Ellef Ringnes (25 October 1842 – 15 March 1929) was a Norwegian brewer and patron.

He was born at the Ringnes farm in Krødsherad, Buskerud to farmer Anders Knudsen Ringnes (1813–75) and his wife Maren Amundsdatter (1815–76). His father left the farm in 1855, and Ellef was employed as travelling salesman for Christiania Bryggeri at the age of 18. In 1876, he founded Ringnes & Compani brewery with his brother Amund Ringnes and the businessman Axel Heiberg. It was the eighth brewery in Christiania (now Oslo), and later had its name changed to Ringnes Bryggeri.

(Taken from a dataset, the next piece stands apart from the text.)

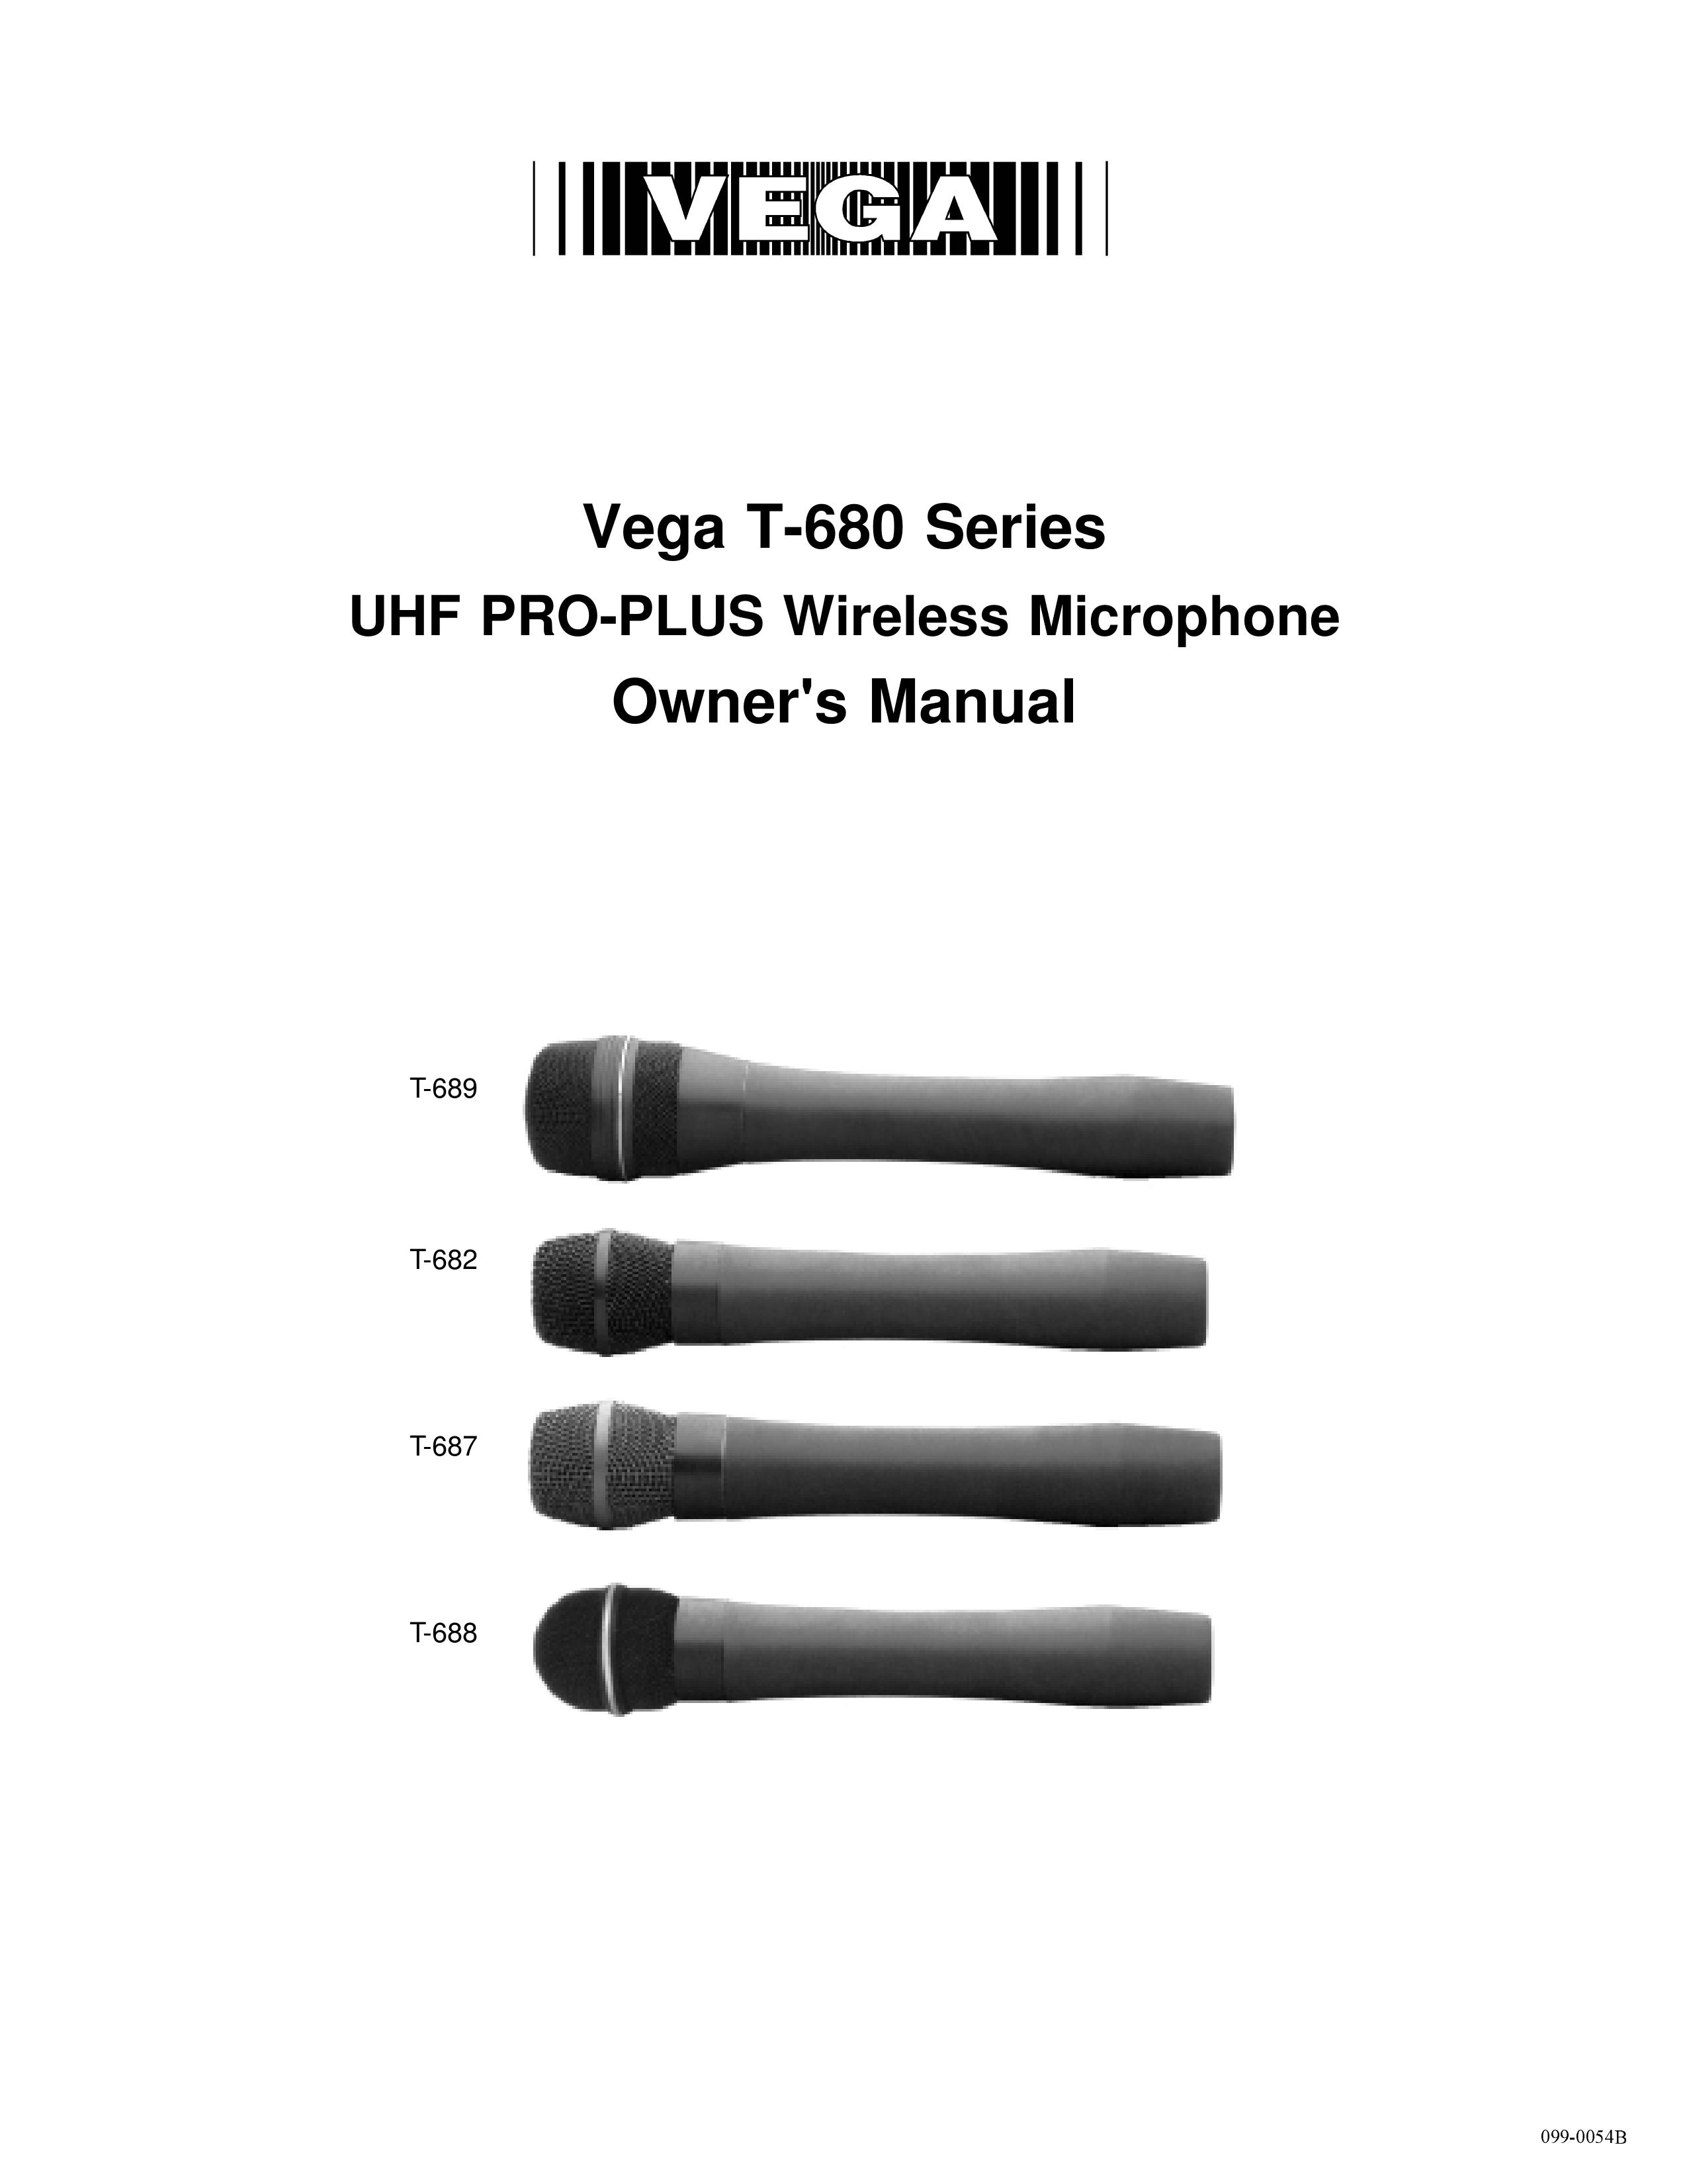 Cerwin-Vega UHF pro-plus wireless microphone Microphone User Manual
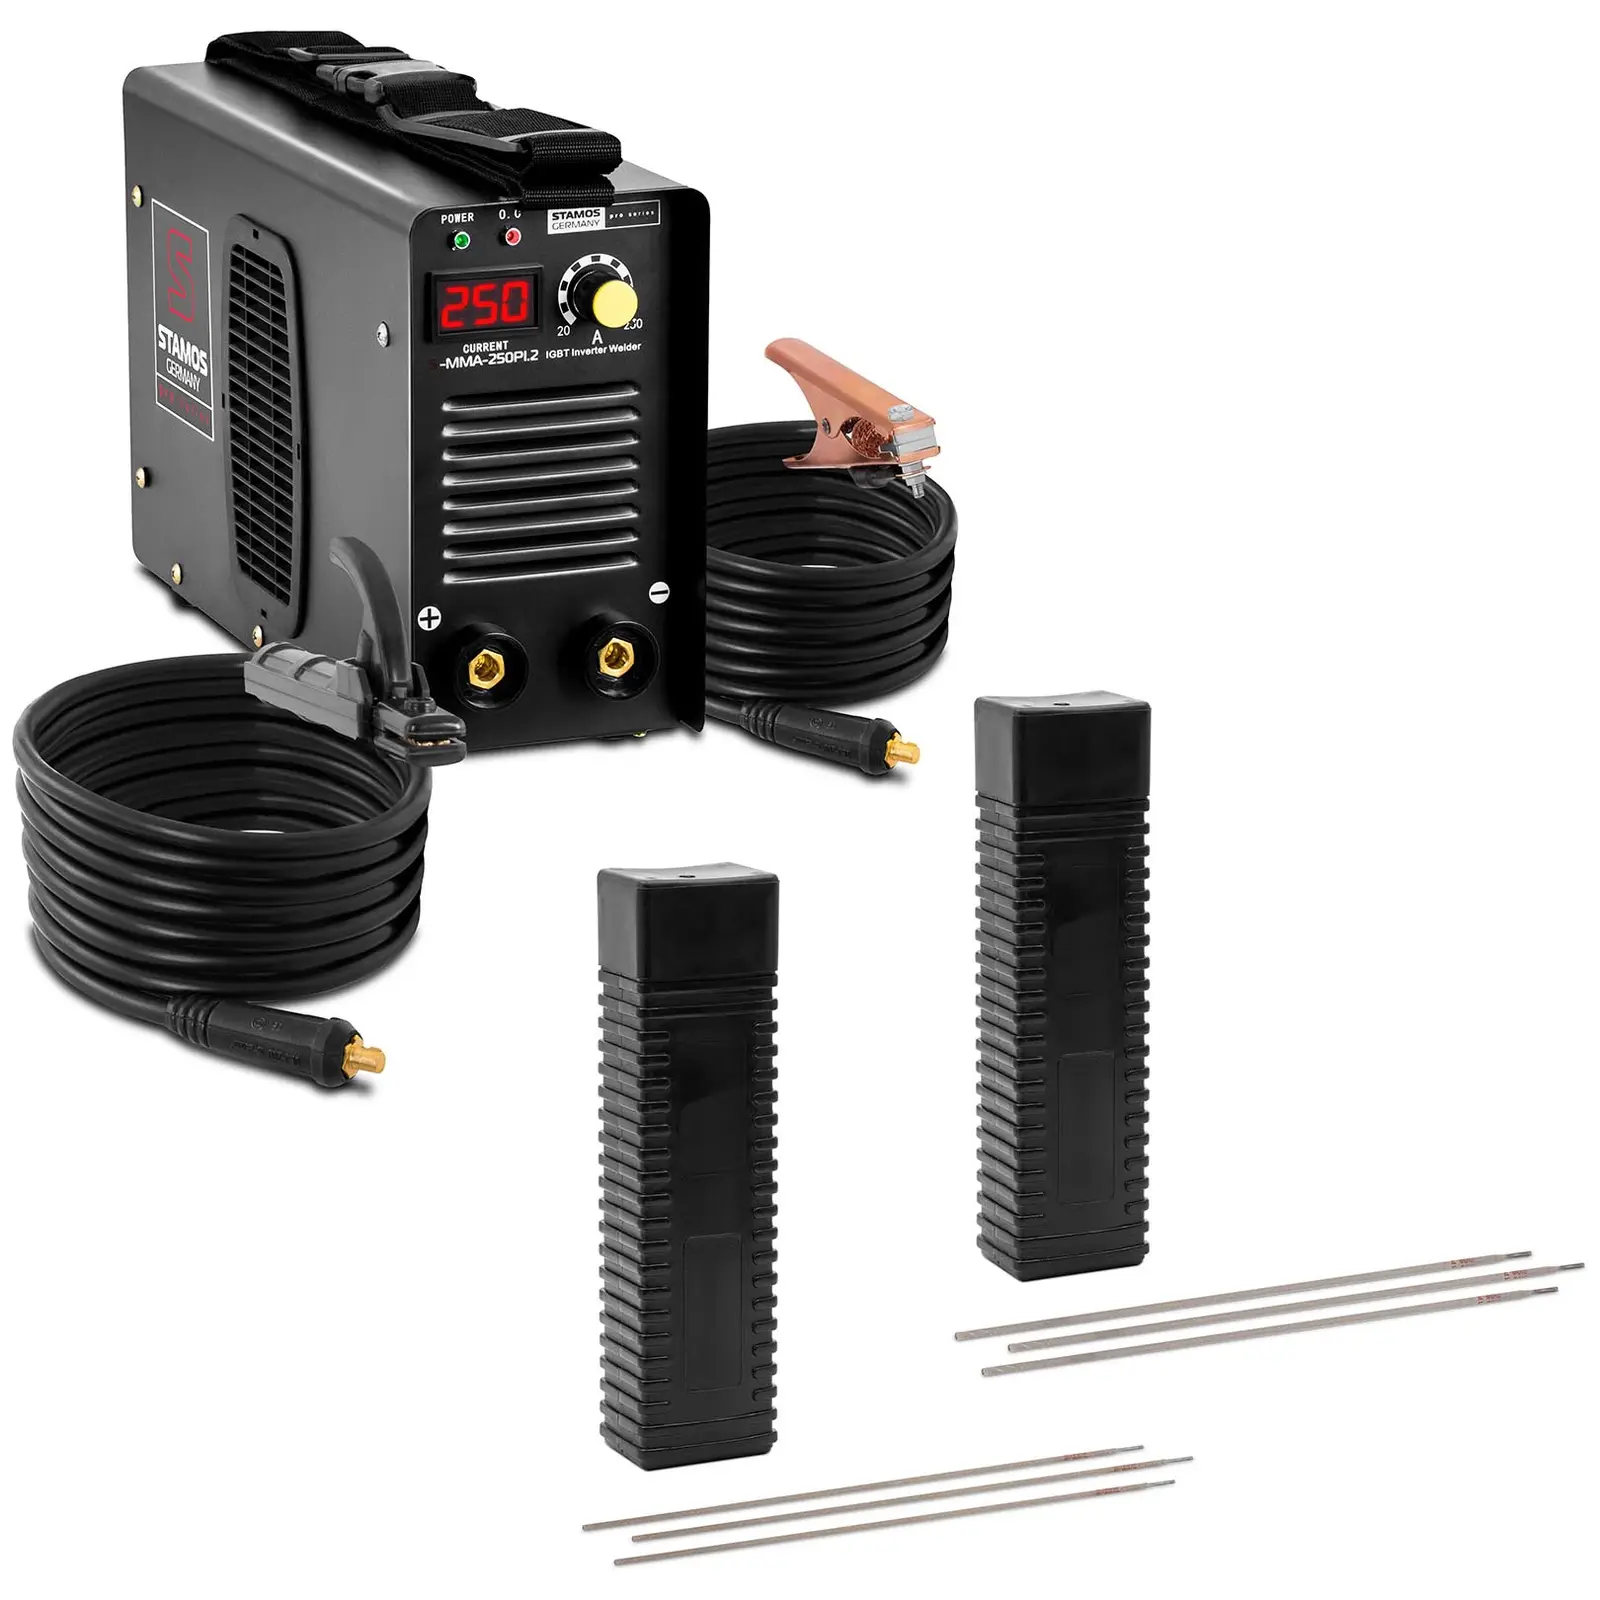 Sveisesett Elektrodesveiser - 250 A - 8 m kabel - 60 % Duty Cycle - Elektroder E6013 - Ø 2,5 x 350 mm - 5 kg & E6013 - Ø 3,2 x 350 mm - 5 kg

The Ringnes brewery became successful, and Ellef Ringnes and his brother became patrons in Christiania. They invested in the construction of the Holmenkollen Line and sanatoriums in the Holmenkollen area. From 1896 to 1906, Ellef Ringnes was a member of the board of the Holmenkolbanen light rail company, which built and operated the Holmenkollen Line. Ellef and Amund Ringnes sponsored Fridtjof Nansen's Fram expedition, which they in a short period of time led together with businessman Axel Heiberg and shipowner Thomas Fearnley. They also sponsored explorer Otto Sverdrup's 1898–1902 Fram expedition; as a compensation Sverdrup named two discovered islands after them: Ellef Ringnes Island and Amund Ringnes Island.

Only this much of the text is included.